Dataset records
____________

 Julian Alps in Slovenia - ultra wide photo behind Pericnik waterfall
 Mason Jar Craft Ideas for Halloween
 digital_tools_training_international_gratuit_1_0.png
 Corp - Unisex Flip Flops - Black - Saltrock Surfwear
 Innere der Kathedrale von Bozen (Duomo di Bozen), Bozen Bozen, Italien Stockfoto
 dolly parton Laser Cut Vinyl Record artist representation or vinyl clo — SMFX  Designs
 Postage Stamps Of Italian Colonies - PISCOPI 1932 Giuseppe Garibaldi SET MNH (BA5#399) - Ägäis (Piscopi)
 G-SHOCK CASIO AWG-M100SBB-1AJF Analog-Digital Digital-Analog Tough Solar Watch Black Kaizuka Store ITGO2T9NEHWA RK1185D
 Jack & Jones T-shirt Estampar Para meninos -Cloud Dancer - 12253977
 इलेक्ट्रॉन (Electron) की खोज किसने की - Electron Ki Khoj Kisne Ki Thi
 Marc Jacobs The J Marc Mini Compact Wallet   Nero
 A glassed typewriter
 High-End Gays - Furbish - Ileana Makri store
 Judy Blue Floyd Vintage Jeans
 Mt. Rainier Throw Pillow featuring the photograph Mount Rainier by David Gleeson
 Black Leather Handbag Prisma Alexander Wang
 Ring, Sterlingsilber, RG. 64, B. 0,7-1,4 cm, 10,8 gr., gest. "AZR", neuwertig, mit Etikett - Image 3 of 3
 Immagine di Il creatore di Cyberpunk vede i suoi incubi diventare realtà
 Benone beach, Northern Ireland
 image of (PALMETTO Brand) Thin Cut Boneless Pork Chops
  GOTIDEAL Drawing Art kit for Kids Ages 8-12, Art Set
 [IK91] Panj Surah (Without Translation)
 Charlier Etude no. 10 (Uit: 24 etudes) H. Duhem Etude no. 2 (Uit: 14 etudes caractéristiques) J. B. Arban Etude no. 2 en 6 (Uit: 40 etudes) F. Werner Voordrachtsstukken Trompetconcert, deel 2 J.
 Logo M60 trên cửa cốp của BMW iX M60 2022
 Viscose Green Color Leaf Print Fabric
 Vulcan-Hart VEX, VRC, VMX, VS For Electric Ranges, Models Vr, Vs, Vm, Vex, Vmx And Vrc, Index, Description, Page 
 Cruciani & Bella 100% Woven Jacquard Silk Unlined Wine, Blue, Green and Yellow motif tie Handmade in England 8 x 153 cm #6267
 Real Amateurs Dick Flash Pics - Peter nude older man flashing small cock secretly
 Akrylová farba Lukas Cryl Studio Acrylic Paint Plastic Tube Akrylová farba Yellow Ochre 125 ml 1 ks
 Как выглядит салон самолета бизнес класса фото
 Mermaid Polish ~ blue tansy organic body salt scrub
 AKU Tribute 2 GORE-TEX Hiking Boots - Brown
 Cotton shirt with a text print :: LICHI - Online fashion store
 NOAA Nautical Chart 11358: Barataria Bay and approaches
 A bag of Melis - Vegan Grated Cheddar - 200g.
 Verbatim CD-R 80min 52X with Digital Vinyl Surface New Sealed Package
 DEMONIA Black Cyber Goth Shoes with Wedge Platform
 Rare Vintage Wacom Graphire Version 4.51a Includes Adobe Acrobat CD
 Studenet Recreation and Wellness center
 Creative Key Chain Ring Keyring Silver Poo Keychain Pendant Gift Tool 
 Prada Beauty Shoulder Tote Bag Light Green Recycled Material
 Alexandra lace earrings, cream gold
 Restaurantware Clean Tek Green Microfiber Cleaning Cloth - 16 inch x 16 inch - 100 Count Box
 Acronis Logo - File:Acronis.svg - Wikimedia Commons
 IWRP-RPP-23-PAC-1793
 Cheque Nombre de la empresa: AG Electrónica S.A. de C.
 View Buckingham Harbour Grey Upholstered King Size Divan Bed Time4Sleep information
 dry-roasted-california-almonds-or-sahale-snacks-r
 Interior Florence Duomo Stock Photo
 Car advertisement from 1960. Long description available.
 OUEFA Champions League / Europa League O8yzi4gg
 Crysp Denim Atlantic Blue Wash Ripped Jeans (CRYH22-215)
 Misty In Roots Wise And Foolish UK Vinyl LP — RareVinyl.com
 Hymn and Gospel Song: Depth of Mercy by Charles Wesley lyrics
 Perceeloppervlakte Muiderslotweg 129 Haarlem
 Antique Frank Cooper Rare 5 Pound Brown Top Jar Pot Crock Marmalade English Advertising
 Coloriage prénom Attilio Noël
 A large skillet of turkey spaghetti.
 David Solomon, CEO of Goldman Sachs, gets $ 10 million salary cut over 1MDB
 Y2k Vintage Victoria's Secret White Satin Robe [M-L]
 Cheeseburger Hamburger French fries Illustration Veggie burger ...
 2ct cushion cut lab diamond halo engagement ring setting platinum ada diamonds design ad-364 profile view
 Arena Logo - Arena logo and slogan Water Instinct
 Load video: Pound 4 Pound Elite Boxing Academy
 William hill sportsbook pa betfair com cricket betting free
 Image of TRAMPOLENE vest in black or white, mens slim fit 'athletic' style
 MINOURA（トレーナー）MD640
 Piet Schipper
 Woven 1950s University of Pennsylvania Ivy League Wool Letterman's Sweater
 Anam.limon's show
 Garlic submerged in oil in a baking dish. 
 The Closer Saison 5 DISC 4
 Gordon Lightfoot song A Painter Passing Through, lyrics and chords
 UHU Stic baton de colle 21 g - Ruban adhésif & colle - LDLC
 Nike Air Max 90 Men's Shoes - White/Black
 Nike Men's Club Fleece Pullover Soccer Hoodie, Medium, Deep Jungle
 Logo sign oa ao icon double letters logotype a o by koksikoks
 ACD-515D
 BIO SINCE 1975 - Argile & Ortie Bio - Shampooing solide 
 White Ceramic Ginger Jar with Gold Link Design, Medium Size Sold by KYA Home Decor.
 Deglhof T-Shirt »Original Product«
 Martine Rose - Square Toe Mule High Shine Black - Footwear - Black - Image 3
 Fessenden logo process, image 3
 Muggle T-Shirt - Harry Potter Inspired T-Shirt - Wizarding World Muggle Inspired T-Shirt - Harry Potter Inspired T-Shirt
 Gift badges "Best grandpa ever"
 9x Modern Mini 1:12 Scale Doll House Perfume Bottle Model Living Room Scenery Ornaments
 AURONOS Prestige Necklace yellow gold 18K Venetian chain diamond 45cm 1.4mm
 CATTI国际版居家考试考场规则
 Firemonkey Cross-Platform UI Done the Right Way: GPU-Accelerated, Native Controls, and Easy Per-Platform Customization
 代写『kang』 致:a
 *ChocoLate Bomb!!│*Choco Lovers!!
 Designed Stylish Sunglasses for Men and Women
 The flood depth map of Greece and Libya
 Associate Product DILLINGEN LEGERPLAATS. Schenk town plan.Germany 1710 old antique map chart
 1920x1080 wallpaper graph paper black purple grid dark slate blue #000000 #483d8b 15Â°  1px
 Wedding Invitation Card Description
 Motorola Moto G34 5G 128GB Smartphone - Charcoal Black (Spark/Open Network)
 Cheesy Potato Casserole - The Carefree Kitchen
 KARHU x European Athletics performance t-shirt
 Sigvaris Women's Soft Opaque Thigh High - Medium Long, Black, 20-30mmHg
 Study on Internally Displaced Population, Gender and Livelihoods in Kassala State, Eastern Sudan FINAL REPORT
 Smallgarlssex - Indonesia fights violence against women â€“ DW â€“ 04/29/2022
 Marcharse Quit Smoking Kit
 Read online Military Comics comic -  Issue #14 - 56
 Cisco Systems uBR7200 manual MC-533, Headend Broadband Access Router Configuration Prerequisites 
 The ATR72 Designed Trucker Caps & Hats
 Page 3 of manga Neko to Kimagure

____________

WORK REQUEST:
What lines in the data include the string "Designed"? Copy each one.

FINISHED EXERCISE:
 Designed Stylish Sunglasses for Men and Women
 The ATR72 Designed Trucker Caps & Hats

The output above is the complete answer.